We'll admit, sometimes the movies don't get it quite right, placing objects from the wrong era or style, but sometimes they get it really right too, creating such a perfect replica of an era that nothing stands in the way of us believing we are right there with the characters. We're taking a look at three times Hollywood did Art Deco right and the fantastic movies that resulted.
Bugsy Malone (1976)
There's nothing about this Alan Parker mid-seventies smash hit that we don't love – the daring casting of children in adult roles, the stark realities of gangster life so neatly juxtaposed with their innocence; the costumes that so perfectly capture the styles of the 1920s; and, of course, the incredible Art Deco styling of the film sets. They created a perfect atmosphere for these talented youngsters to bring a bygone era to life – albeit with custard pies and ping-pong ball guns.
Our favorite set in the movie?

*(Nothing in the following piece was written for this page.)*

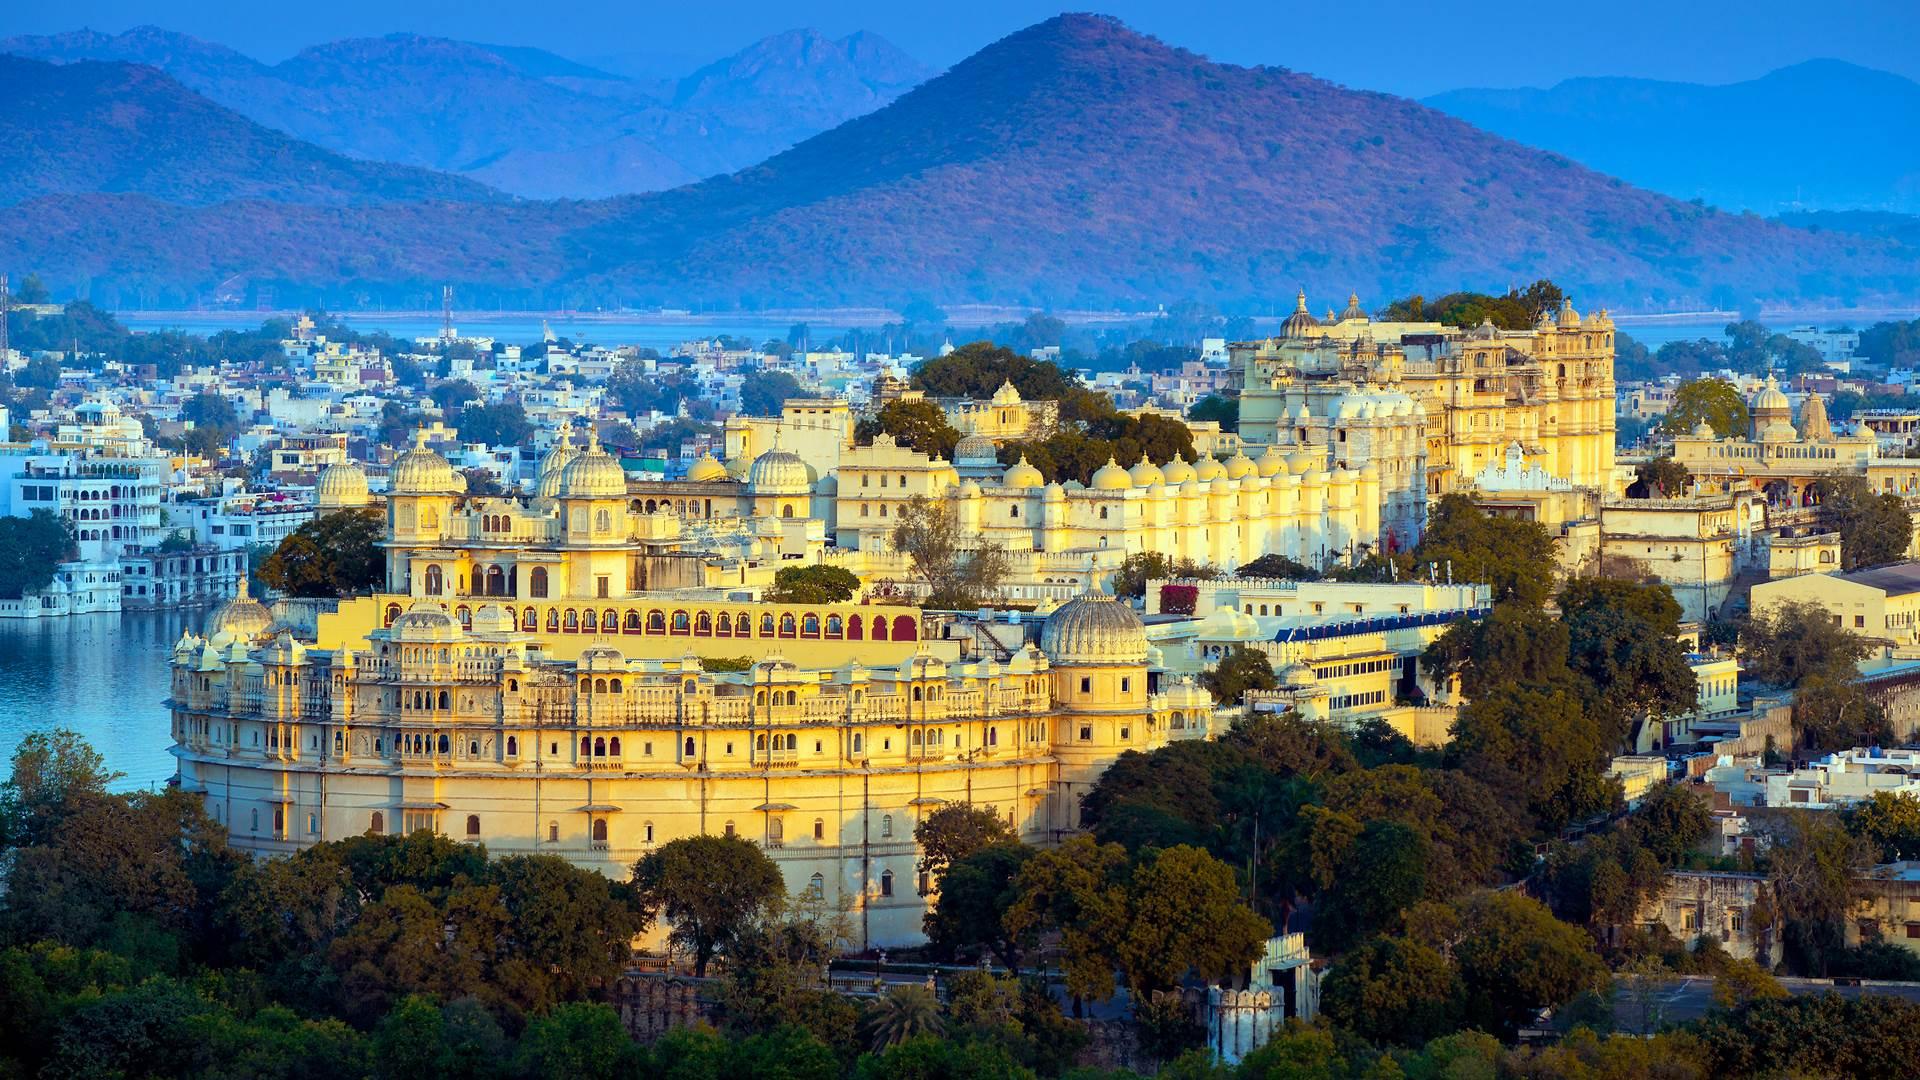 皮丘拉湖畔的乌代布尔城市宫殿,印度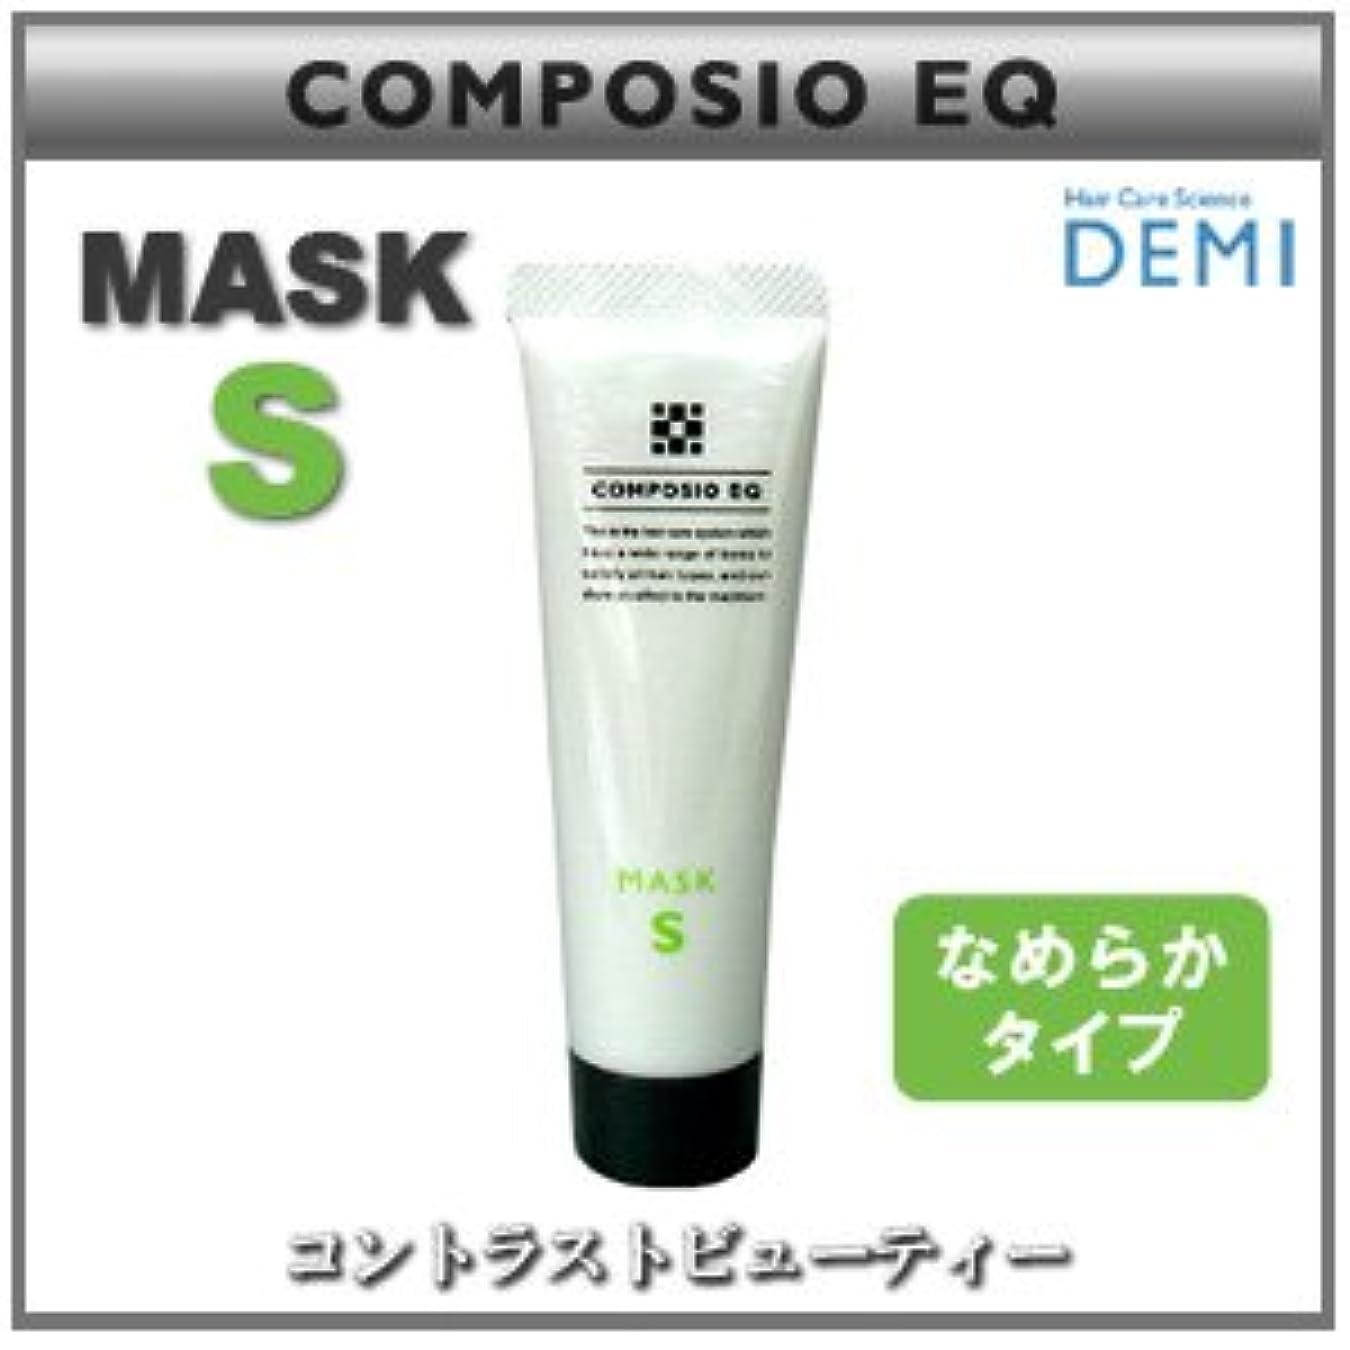 一杯専門知識見捨てられた【X3個セット】 デミ コンポジオ EQ マスク S 50g

Fat Sam's Grand Slam, the infamous nightclub owned by notorious gang boss, Fat Sam and featuring Jodie Foster as singer Tallulah, his dame and the club's lead act.
The Great Gatsby (1974/2013)
This F. Scott Fitzgerald novel about the slow disillusionment of a hopeful young man amid the grandeur and opulence of 1920s society life has been adapted for the stage and screen many times throughout the world and every time, set and stage decorators have relied on classic Art Deco styling to bring the decadence and melancholy of the era alive for movie and theater-goers.
Five separate full-length movie adaptations have captured the era and the story, starting in 1926 and all of them have done the story and the stylings of the time justice. We're not going to lie, it's impossible to choose just one here, so we're going to call it even between Jack Clayton and Francis Ford Coppola's 1974 version, and Baz Luhrmann's 2013 masterpiece.
What? We have to choose a favorite set? Ok, then, Daisy's sitting room in the 2013 version, with the billowing curtains, plush white furnishings and strategically placed accent pieces that made us drool just a tiny bit. And we're not even going to get started talking about that carpet...
Swing Time (1936)
Is it cheating to pick a movie that's not only set in the era, but was filmed during Art Deco's heyday? We think not! Ginger Rogers and Fred Astaire famously glided, tripped, skipped and swayed their way together across the silver screen in no less than ten musical comedies between 1933 and 1949.
1936's Swing Time is widely touted by dance enthusiasts as including some of the pair's best dancing performances in their careers together and features the Oscar-winning song, "The Way You Look Tonight," still a beloved classic. There's nothing quite like the sheer authenticity of a movie masterpiece that was filmed during the Art Deco era to appreciate the true style and grace behind it.
Everything about this film sweeps us away into an Art Deco paradise – but our favorite (and we're sure it's the favorite of many, many others, too) is the Silver Sandal with its impeccable attention to detail, gorgeous symmetrical step-repeat patterns showing up simply everywhere, its dazzling use of metallic fabrics to create shimmer and a sense of opulence in this black-and-white film, the lighting that's just perfectly on point... we could go on and on!
We can't recommend it often enough – if you love Art Deco even half as much as we do and you want to start dipping your toe into it, make a weekend of it. Line up a few good movies that bring Art Deco to life and immerse yourself in the world of gangsters, disaffected youth and swinging dance partners. We're convinced you'll find the inspiration you're looking for.